Army of pest-munching ducks keep South African vineyard blooming

STELLENBOSCH, South Africa, Jan 16 (Reuters) – Flocks of white, black and brown ducks hunt for snails and bugs as they patrol the grapevines at a vineyard in South Africa’s winemaking town of Stellenbosch, helping the owners steer clear of pesticides and synthetic fertilisers .

Around 500 Indian runner ducks work as a natural pest control at the Vergenoegd Löw Wine Estate, but also entertain wine-quaffing tourists.

“We call them the soldiers of the vineyards,” the managing director of the estate, Corius Visser, told Reuters.

Ducks are at the heart of the winery’s regenerative agriculture practices, and specifically Indian runner ducks, which have long legs and an upright posture, meaning they are able to reach for snails between the leaves.
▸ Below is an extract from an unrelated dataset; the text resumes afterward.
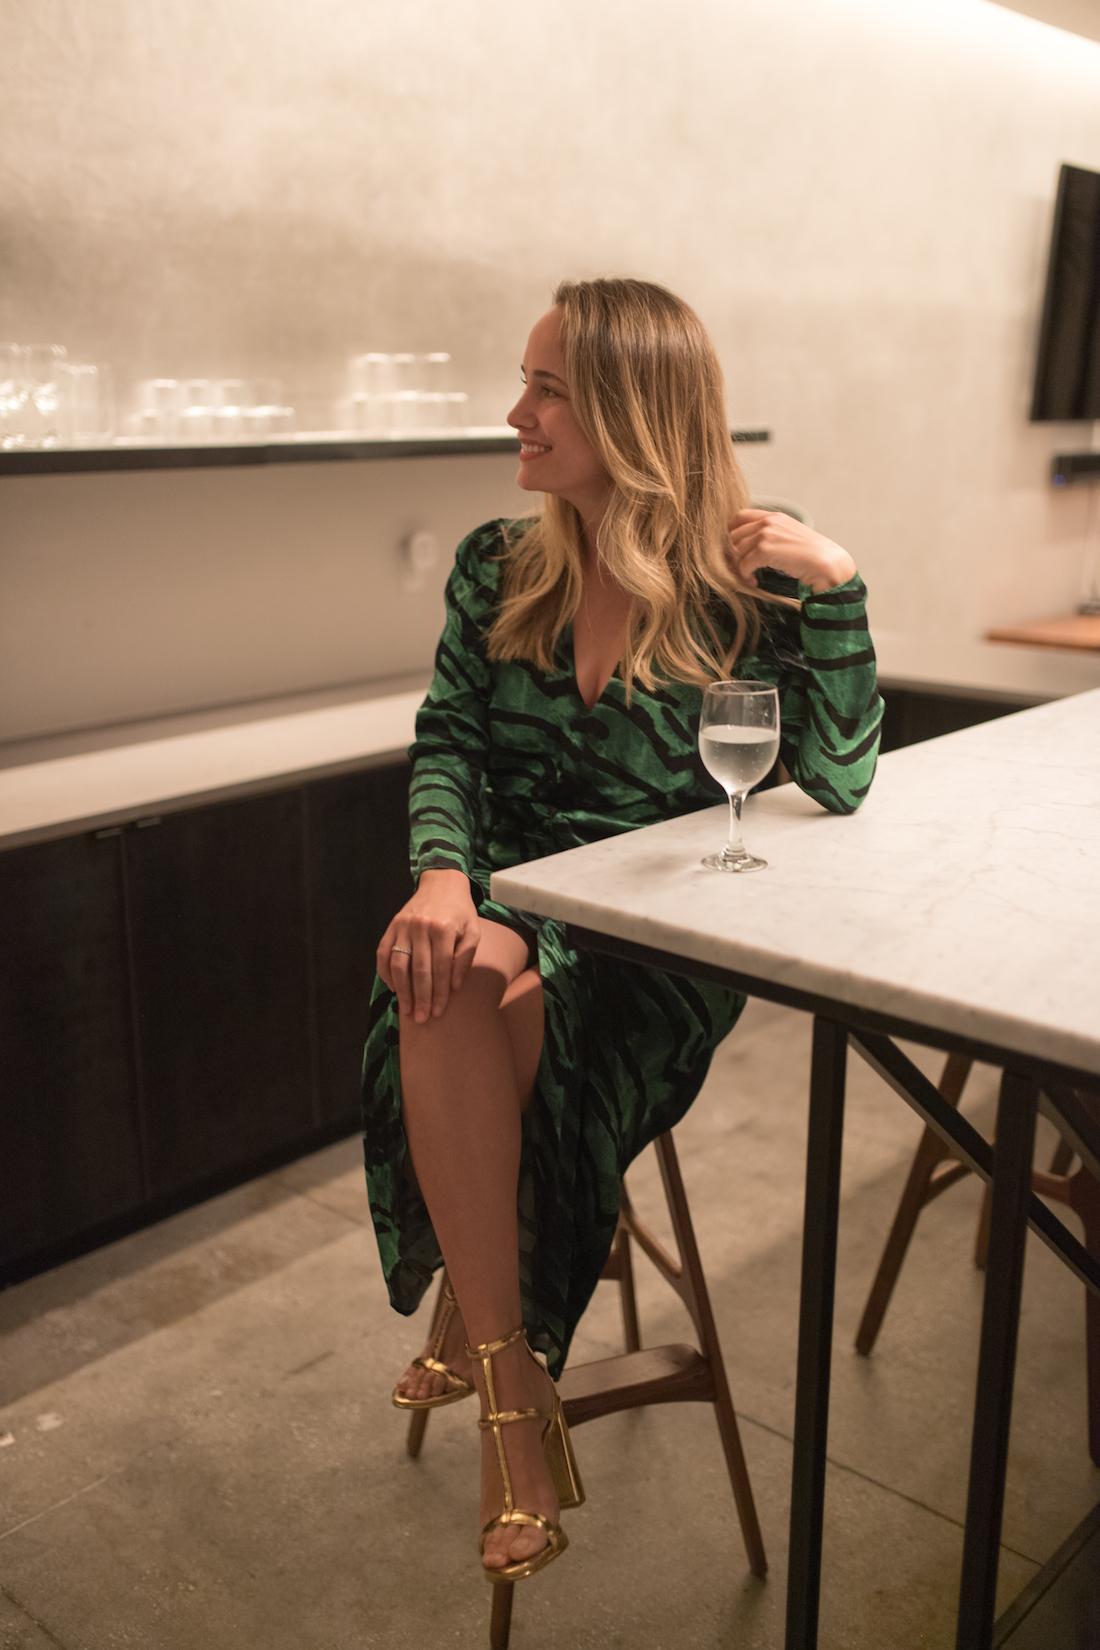 Grace is wearing a emerald green dress

Nutrient-rich manure from the ducks and other animals ensure the vineyard runs as sustainably as possible.

[1/6] A flock of Indian Runner ducks, which assist as natural pest-control, in place of pesticides, by eating all the snails and bugs, walk amidst the grape vines during their daily patrol around the Vergenoegd Wine Estate, in Stellenbosch, in Cape Town, South Africa, January 12, 2023. REUTERS/Esa Alexander

Following their leader, the ducks march in convoy through the vines.

“It’s amazing how they behave themselves, walk in a row, and it’s like they’re in the army,” said Merle Holdsworth, a tourist.

The ducks follow a daily routine: in the morning, they go to the vineyards to prevent crop damage, and in the evening they return to their paddocks to peck at pellets of nutritious bird food.

Worker Yodell Scholtz has been rearing the ducks for the past two years.

“It’s almost like raising your own children, so I enjoy it a lot,” Scholtz said.